Earlier in the year, Chick-fil-A was pressured to remove contemporary Christian music from their stores, replacing it with instrumental tracts. They had received complaints about non-Christians feeling unwelcomed when they heard the name of Jesus in the lyrics of songs.

This, from a company that has given up millions over the years by being closed on Sundays to support any of their workers who want to attend a worship service. Chick-fil-A even kept their doors locked on Sundays during the 1996 Atlanta Olympic Games, costing untold profits.

"You can go to (other restaurants) and you can hear cussing in songs or music that promotes immoral values," Wiltsie said. "But you come to Chick-fil-A and it's instrumental because people don't like hearing the name of Jesus Christ.

"Is that what our society has come to?"

Wiltsie, too fired up now to even think about which dipping sauce to use for his strips, makes a strong case.

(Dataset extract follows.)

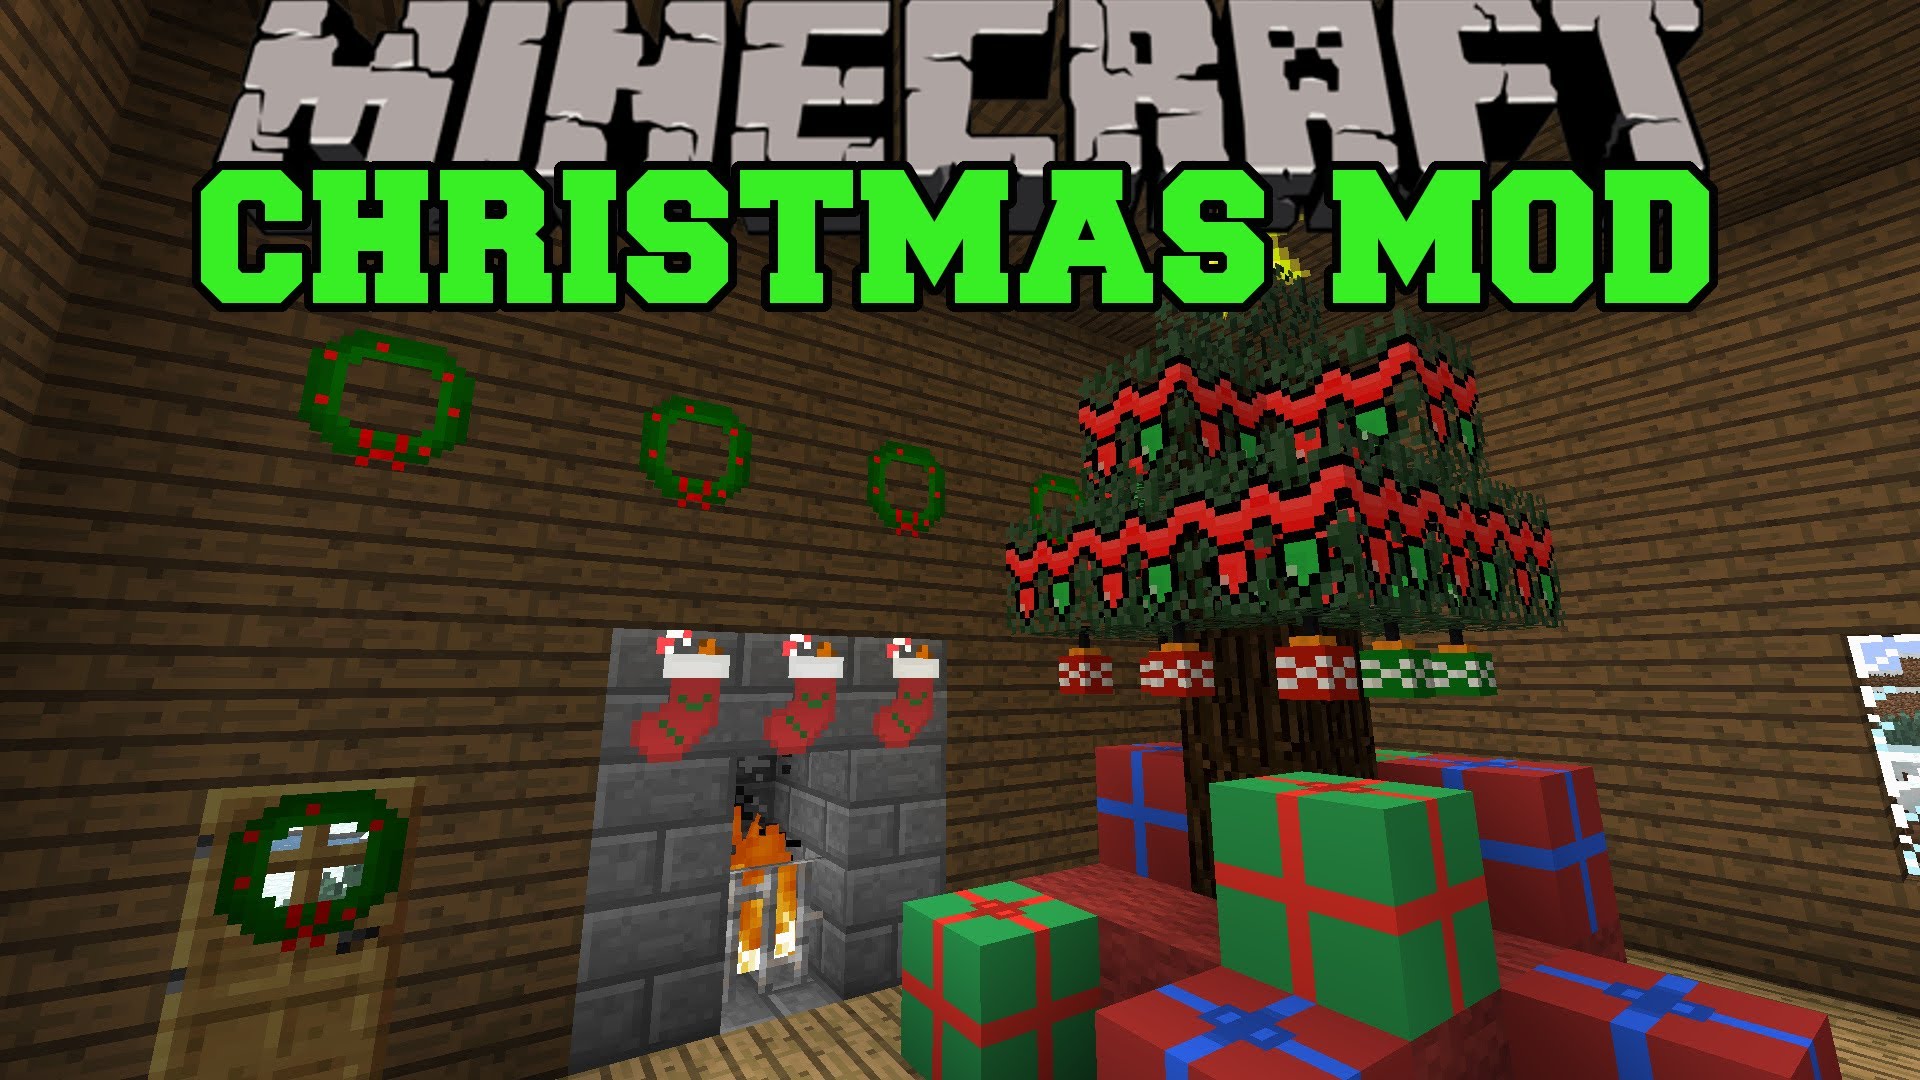 Minecraft Christmas Mod Santa Gives You Presents Decorations And

So much of this argument has been rooted in what people have blanketed as Dan Cathy's "intolerance," how he's serving "hate chicken" at his restaurant, dipped in more hate.

And then you experience Chick-fil-A for yourself and are treated with more love and respect than you get at any other fast-food chain and you wonder where all that "hate chicken" is being stored.

"It's Christian values that are being bombarded," Wiltsie said. "It seems they are giving more freedom of speech to those against moral values than those who are for moral values."

Maybe it's best to let the Scriptures have the last word on this one. What does the Bible say about standing up for what is right? Regardless of societal pressures or social chicken sandwich wars that may cloud the issue?

This verse from Romans 12:2 gets right to the point: "And do not be conformed to this world, but be transformed by the renewing of your mind, that you may prove what is that good and acceptable and perfect will of God."